Thanks to the sustained assault on vaccination and science waged by right-wingers devoted to burnishing their own partisan bona fides rather than working in the public interest, vaccine coverage of kindergarten children has been declining since 2019 and remains well below the 95% target, according to the Centers for Disease Control and Prevention.

The share of children with a nonmedical exemption from vaccination, such as a parent’s purported religious or moral objections, reached 3% in the 2022-23 school year, “the highest exemption rate ever reported in the United States,” the CDC reports.

In Florida, that hotbed of anti-science folderol purveyed by Republican Gov. Ron DeSantis and his handpicked surgeon general, the anti-vaccine charlatan Joseph Ladapo, school vaccine rates for non-COVID diseases fell in 2022 to 91.7%, the lowest level in 10 years. Its rate fell again this year. The state’s vaccine exemption rate for childhood immunizations is 4.5%, the 12th worst in the nation.

States with responsible leaders respond to trends that threaten public health to that degree. After California’s 2010 outbreak of whooping cough (pertussis) — 9,120 cases, the most since 1947, the majority among unvaccinated children — the Legislature eliminated almost all nonmedical exemptions for childhood immunization.

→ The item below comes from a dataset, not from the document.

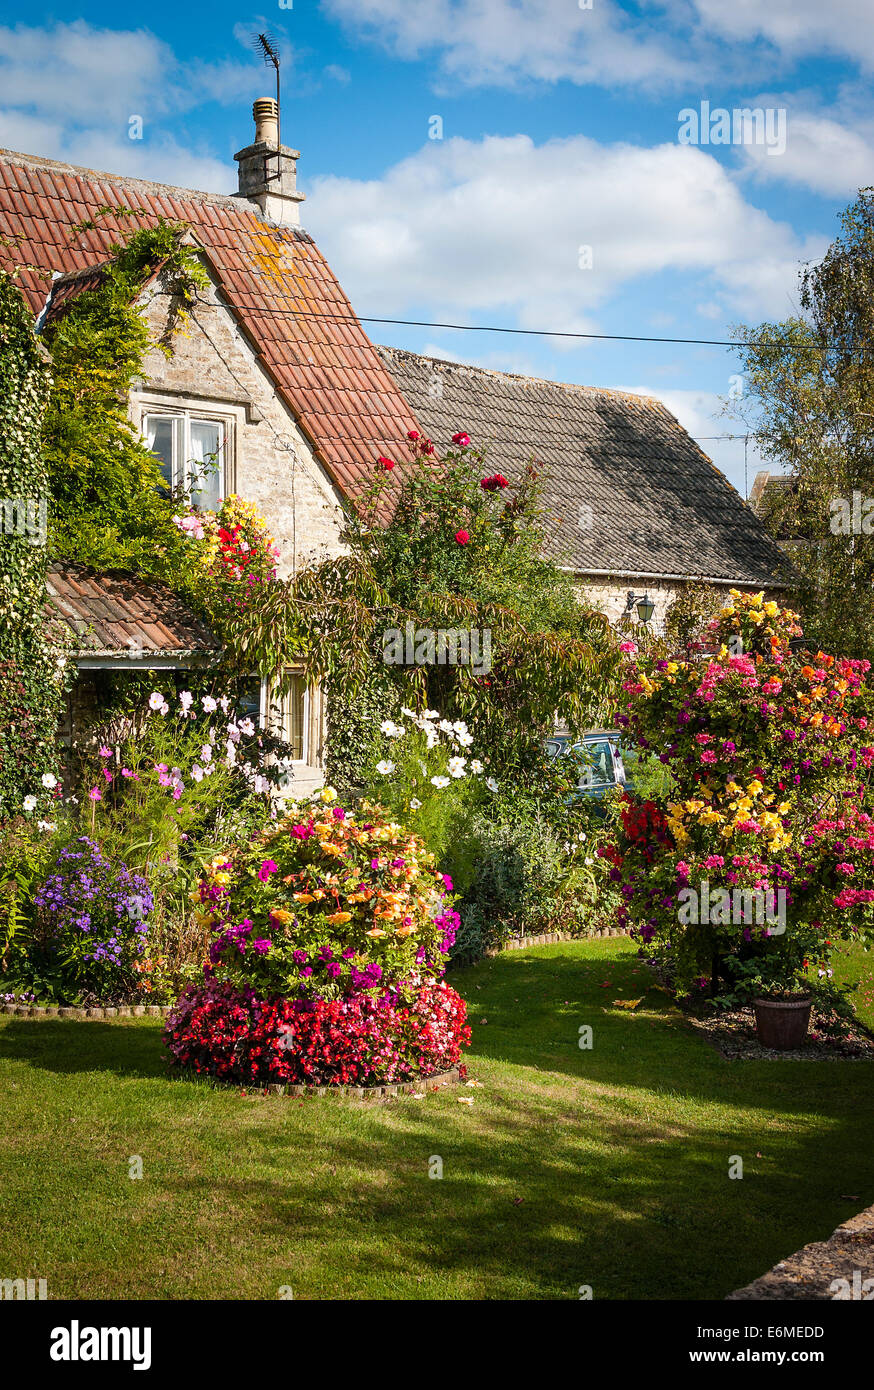 Petit jardin de fleurs avant dans un village anglais Banque D'Images
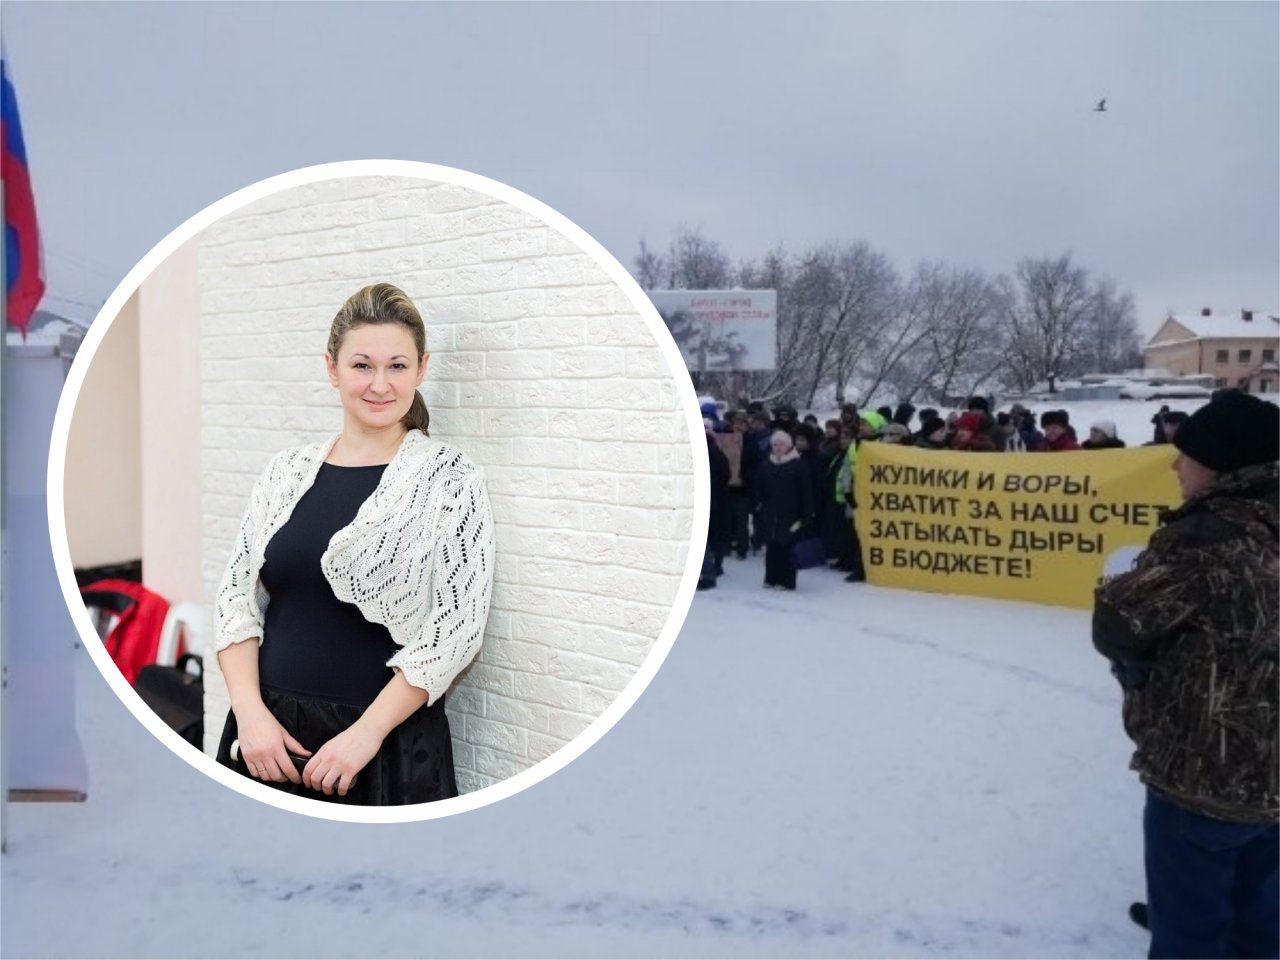 "Говорят, что я ненормальная и после пикетов ничего не изменится": многодетная мать об акциях протеста  в Кирове и их результатах

California’s exemption rate of 0.2% in 2022-23 was the third best in the nation, after West Virginia and New York.

Can vaccine resisters be reached with a rational counterargument? One would think so. They tend not to be low-income, low-information residents — two of the most-vaccinated states are West Virginia and Mississippi.

Rather, they tend to come from more affluent, educated families, the sort of people who think they’re so smart they can decide healthcare policies for themselves, no matter how complex the issue.

In this respect, however, they’re just being stupid — and irresponsible. They should be receptive to reason. Let’s hope that it doesn’t take outbreaks of dangerous diseases like measles in their school districts to open their eyes.